(Data provided begins)

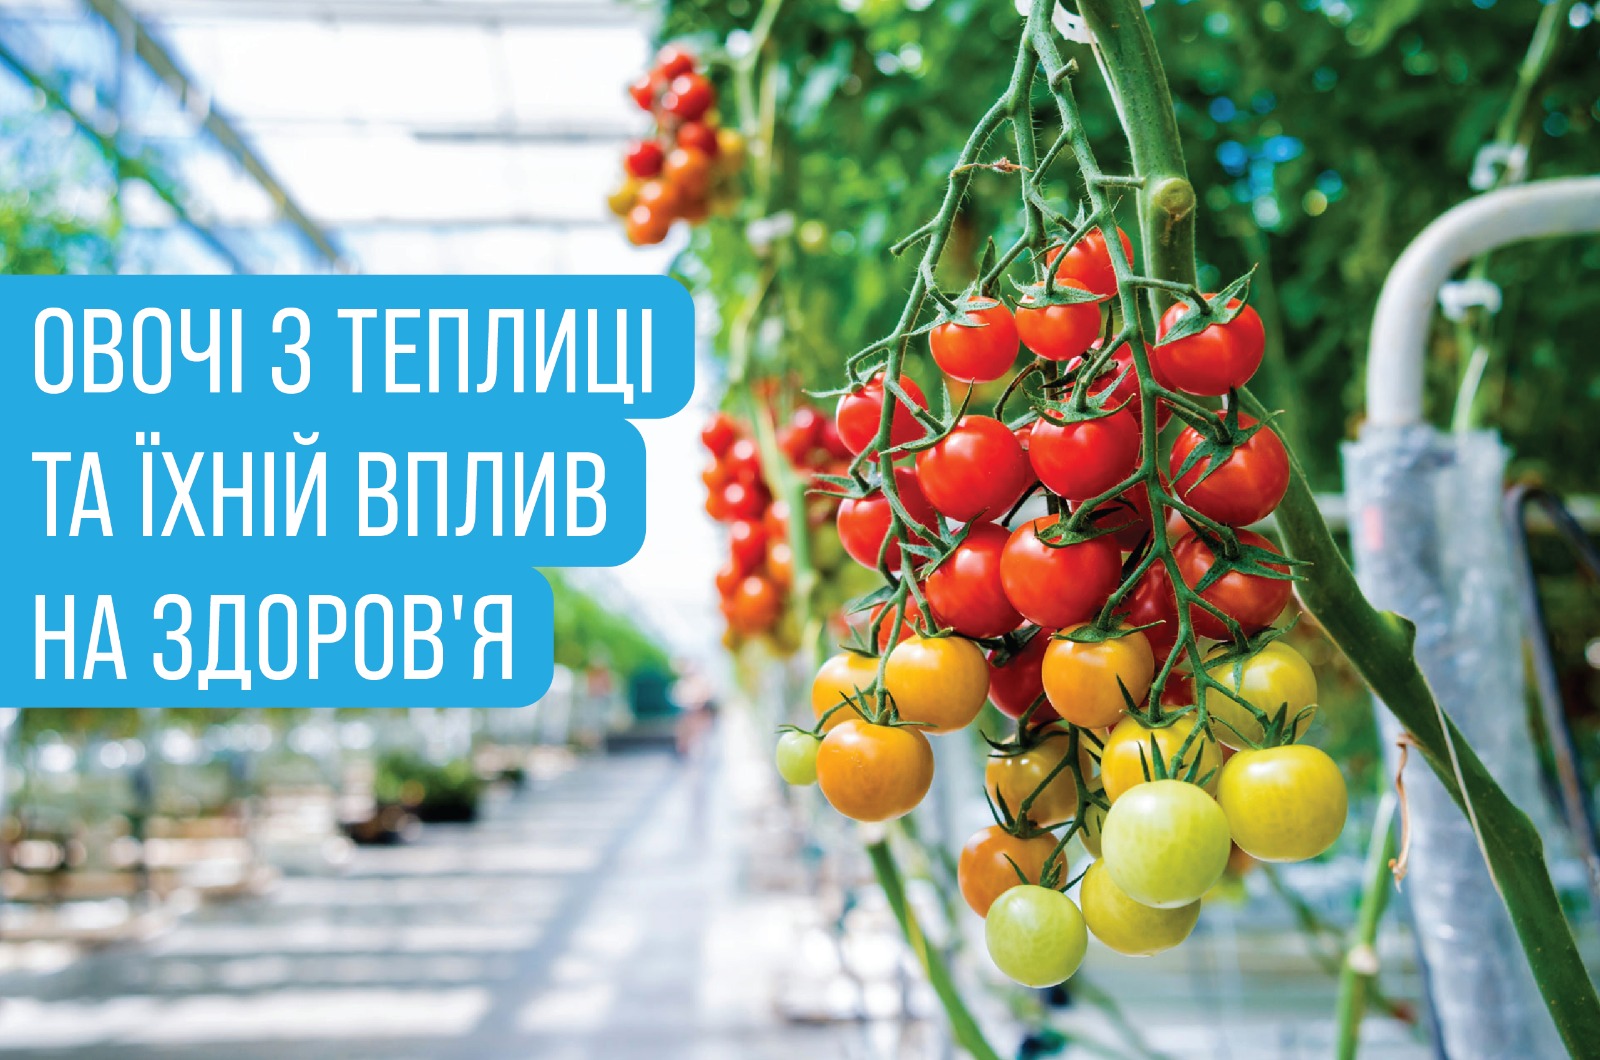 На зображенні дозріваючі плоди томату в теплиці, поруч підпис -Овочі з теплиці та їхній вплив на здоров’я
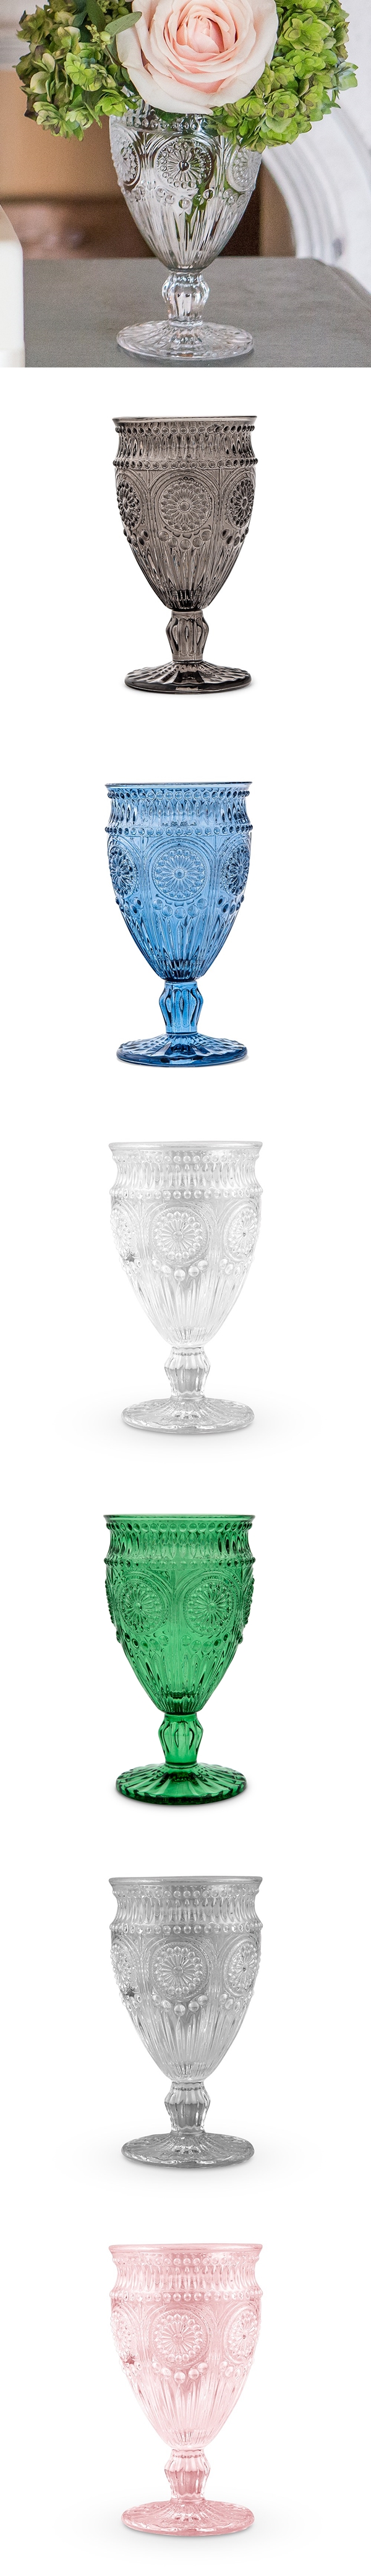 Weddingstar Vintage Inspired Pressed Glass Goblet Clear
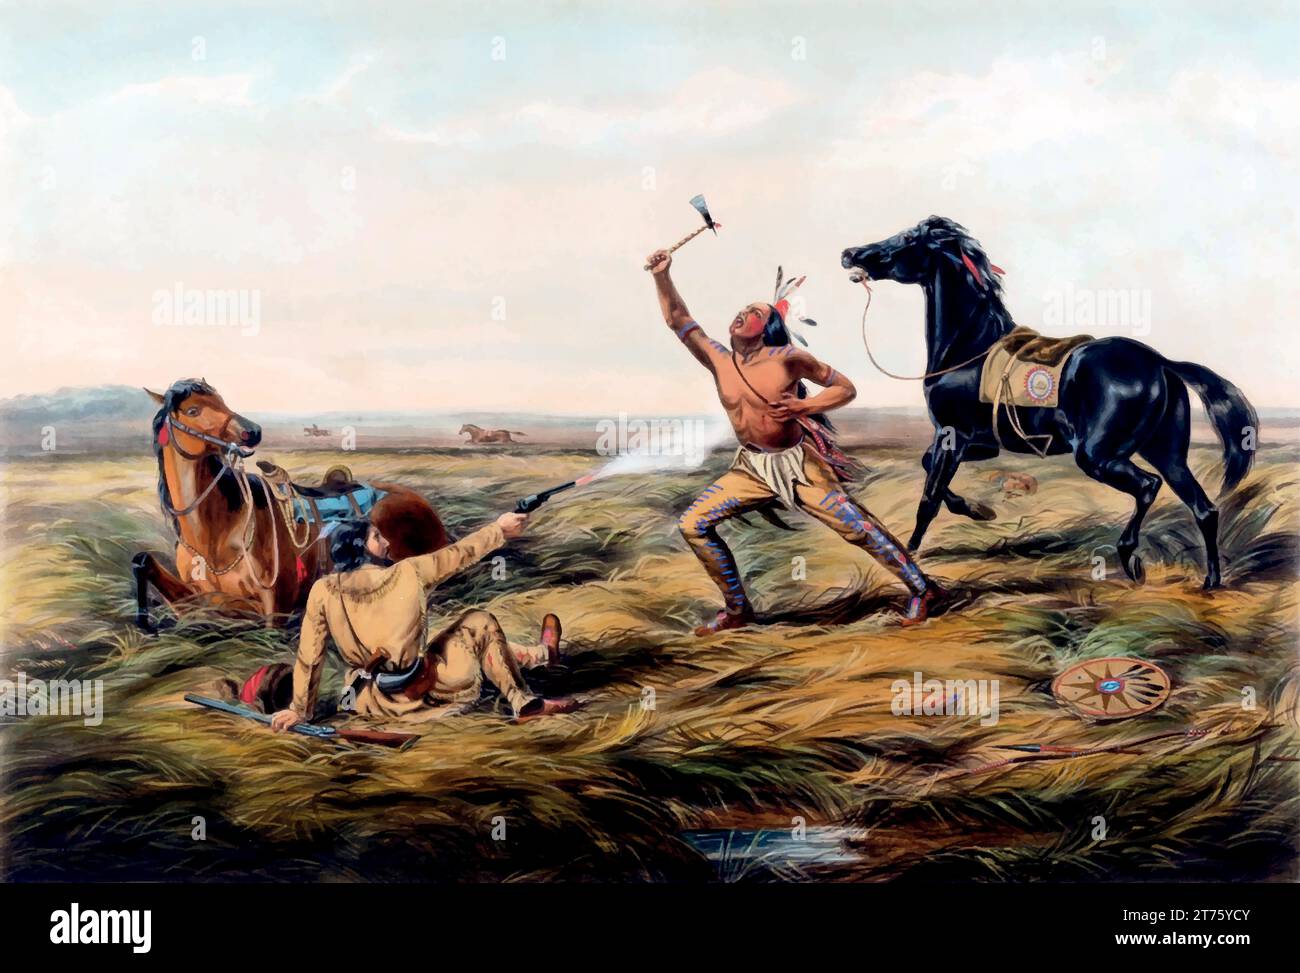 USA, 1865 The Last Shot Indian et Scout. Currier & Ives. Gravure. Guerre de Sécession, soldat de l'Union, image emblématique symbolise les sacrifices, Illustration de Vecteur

(Data provided ends)

● What is expected
Your reply must match the data above line for line, except that it holds no pictures.

● Result for this exercise
 На зображенні дозріваючі плоди томату в теплиці, поруч підпис -Овочі з теплиці та їхній вплив на здоров’я
 Weddingstar Vintage Inspired Pressed Glass Goblet Clear
 USA, 1865 The Last Shot Indian et Scout. Currier & Ives. Gravure. Guerre de Sécession, soldat de l'Union, image emblématique symbolise les sacrifices, Illustration de Vecteur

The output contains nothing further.